There was a baseball game played between the Miami Marlins and the New York Mets last night at Citi Field, but I can assure you the sold-out crowd didn’t show up to watch two mediocre teams play the second-to-last game of the season.
The fans showed up to bid adieu to their captain, because for so many fans, for so many years, David Wright was the Mets. The lone bright spot during losing seasons, the catalyst behind thrilling playoff runs, and an amazing teammate and ambassador for the game of baseball.
Health robbed the greatest position player in franchise history of a chance for immortality in Cooperstown, but Mets fans made it clear Saturday night that they’ll never forget Wright’s immense contributions to the franchise. And honestly, how could they? Will we ever get tired of watching that catch? Or the World Series home run? Because if we do, there’s an entire career’s worth of legendary, legacy-defining moments that Wright left us with. If that’s not enough, he’ll even walk away as the franchise leader in hits, doubles, RBI and extra-base hits.
Good baseball players (and all professional athletes in general), whether they like it or not, become role models for the next generation of the game. They’re thrust into a role of leadership at a young age solely because of their athletic abilities, an unfair proposition no matter which way you slice it. Some take the responsibility seriously, some don’t and some even use their platform to do some absolutely incredible things. David Wright took that responsibility seriously and used his platform to inspire real change in the community, yet somehow that still doesn’t even begin to describe the type of human being he is.
His body betrayed him time and time again, as did ownership and the front office, but Wright’s ninth baseball life allowed him to go out on his terms. The Mets only found him two plate appearances in his last ever game — he went 0-for-1 with a walk — but David looked as happy as he ever has after he was lifted from the game. We all would’ve liked to see him play semi-regularly in September, or even for a couple of more innings on Saturday, but Wright seemed genuinely elated with how his career ended. How many athletes can say that?

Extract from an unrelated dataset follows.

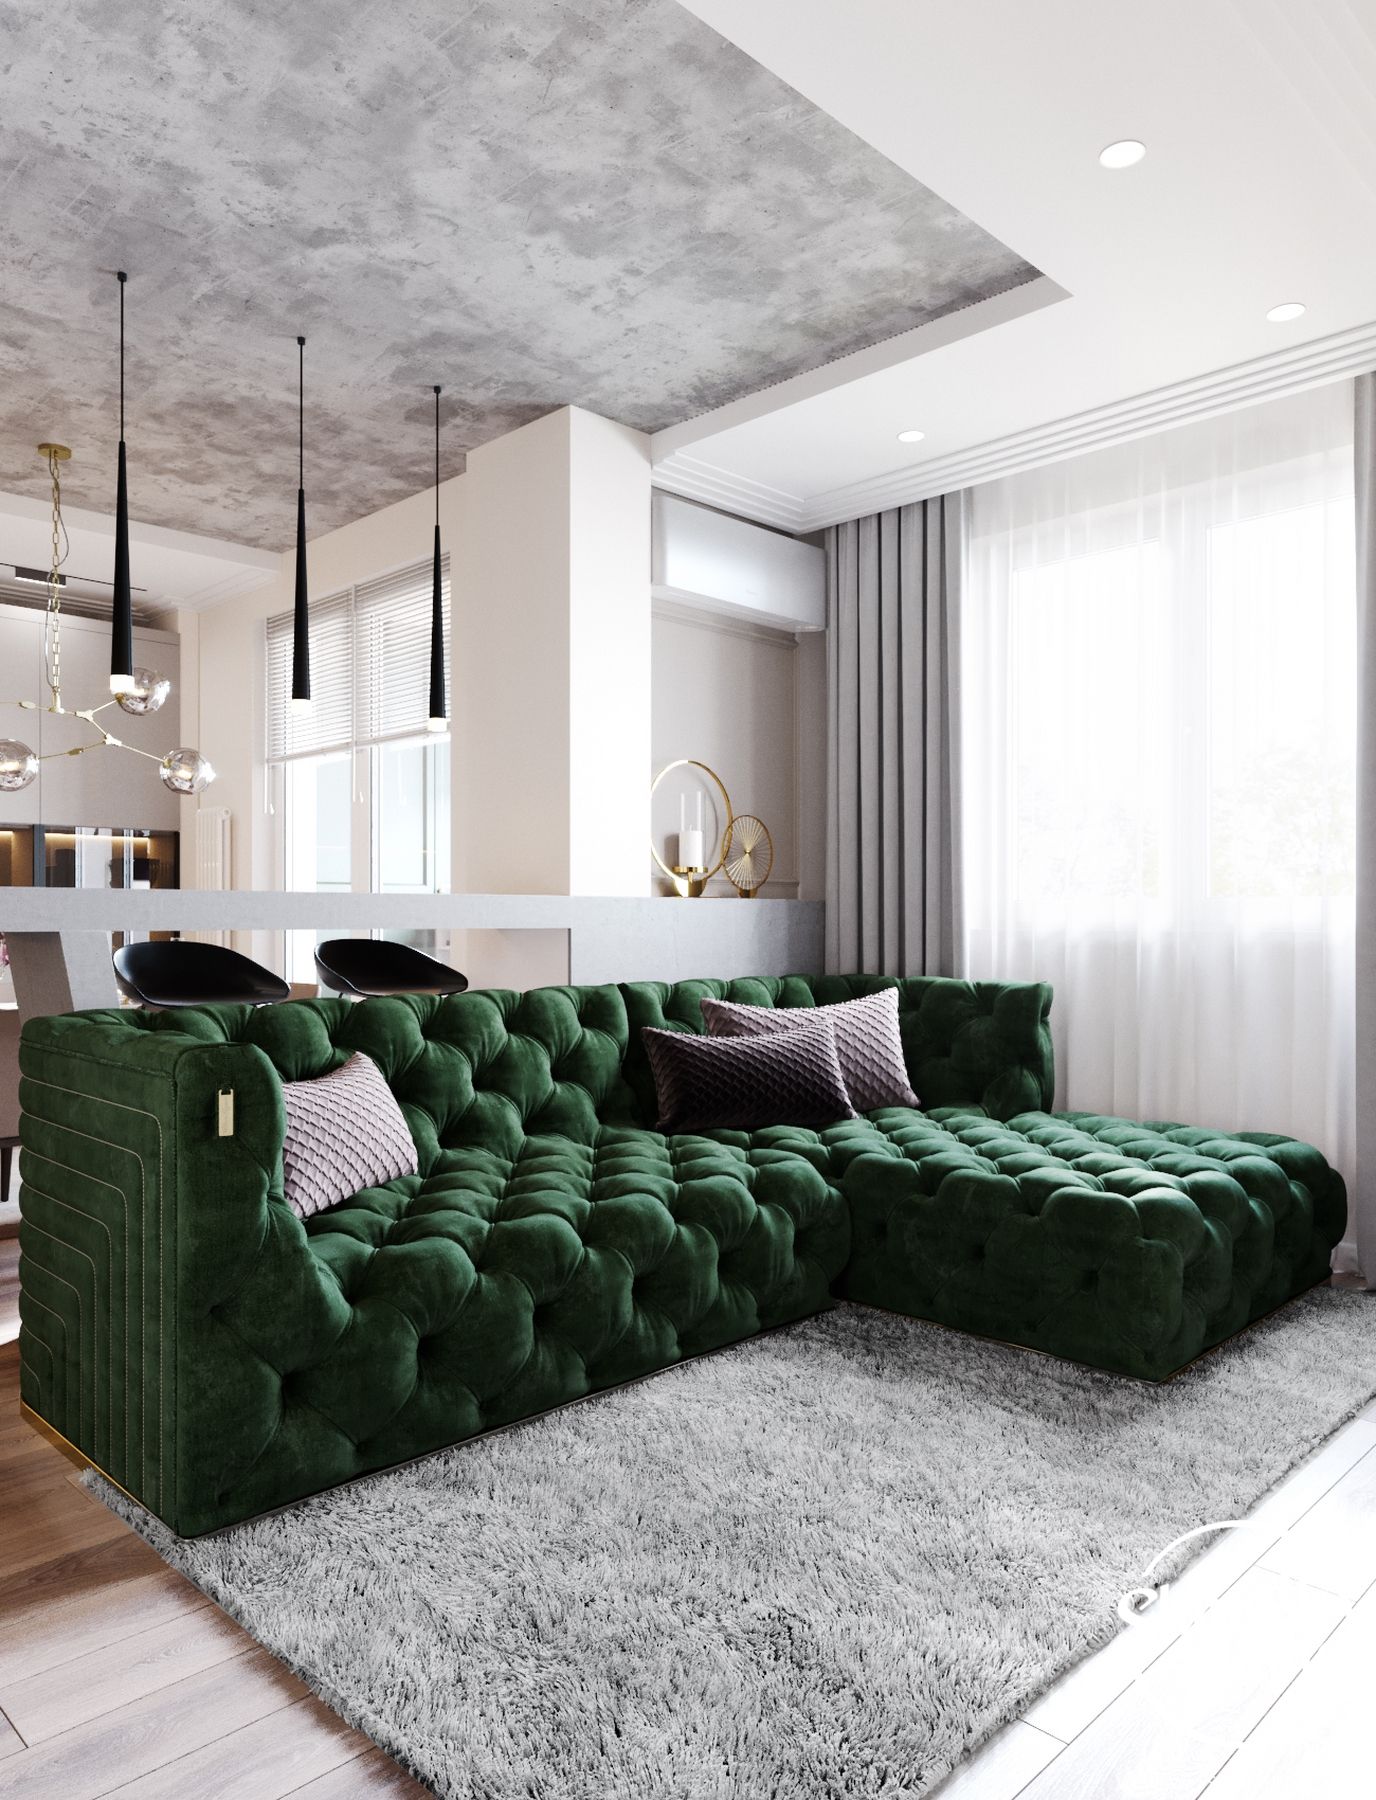 Интерьер с зеленым диваном: Зеленый диван в интерьере гостиной .
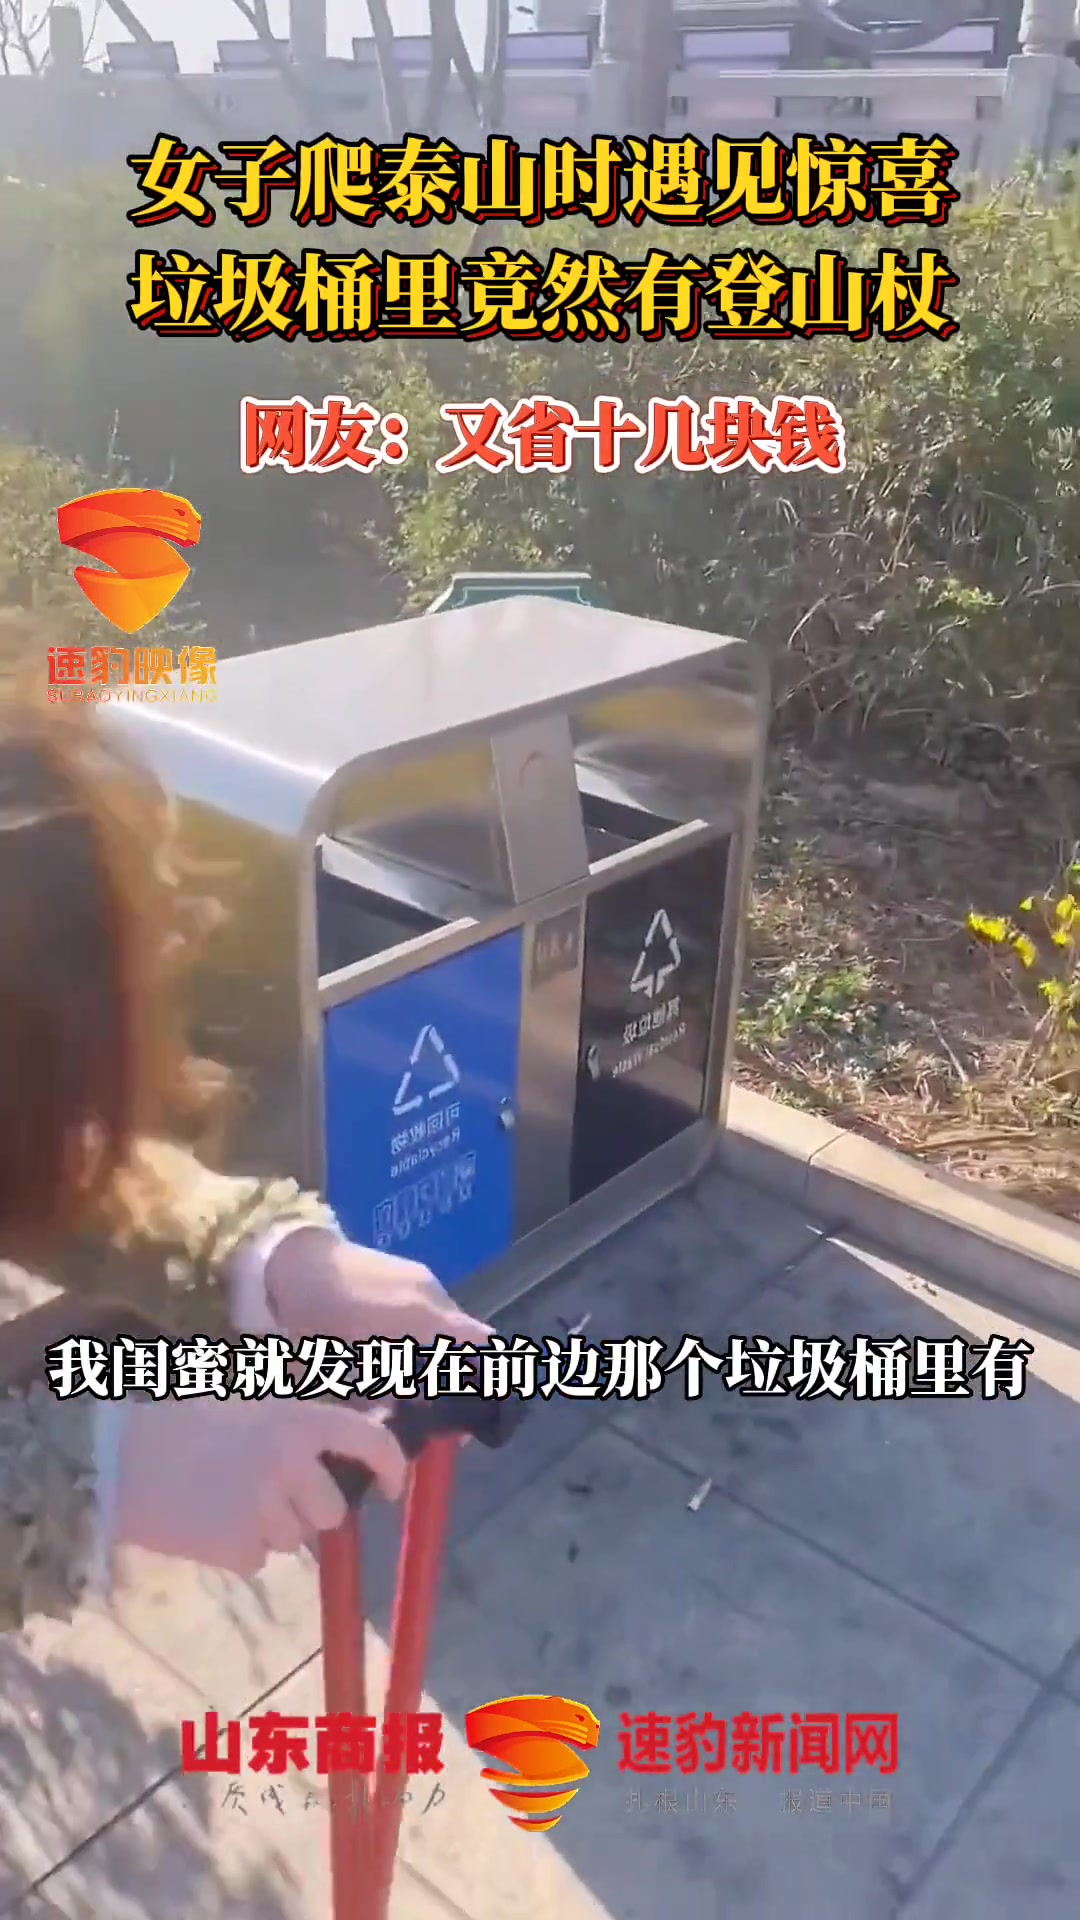 女子爬泰山时遇见惊喜 垃圾桶里竟然有登山杖

Saying goodbye to some of the best things in our life is, unfortunately, a part of the human experience. We get to know people and become familiar with them, only for them to leave us in one capacity or another. The end of David Wright’s baseball career is the end of many of our childhoods. Waving him into the sunset hasn’t been easy for us because he’s all we’ve ever known as Mets fans. The impact he’s had on many of our lives transcends his baseball ability. When David walked into the Citi Field dugout for the final time, it hit us all. What is our Mets fandom without him?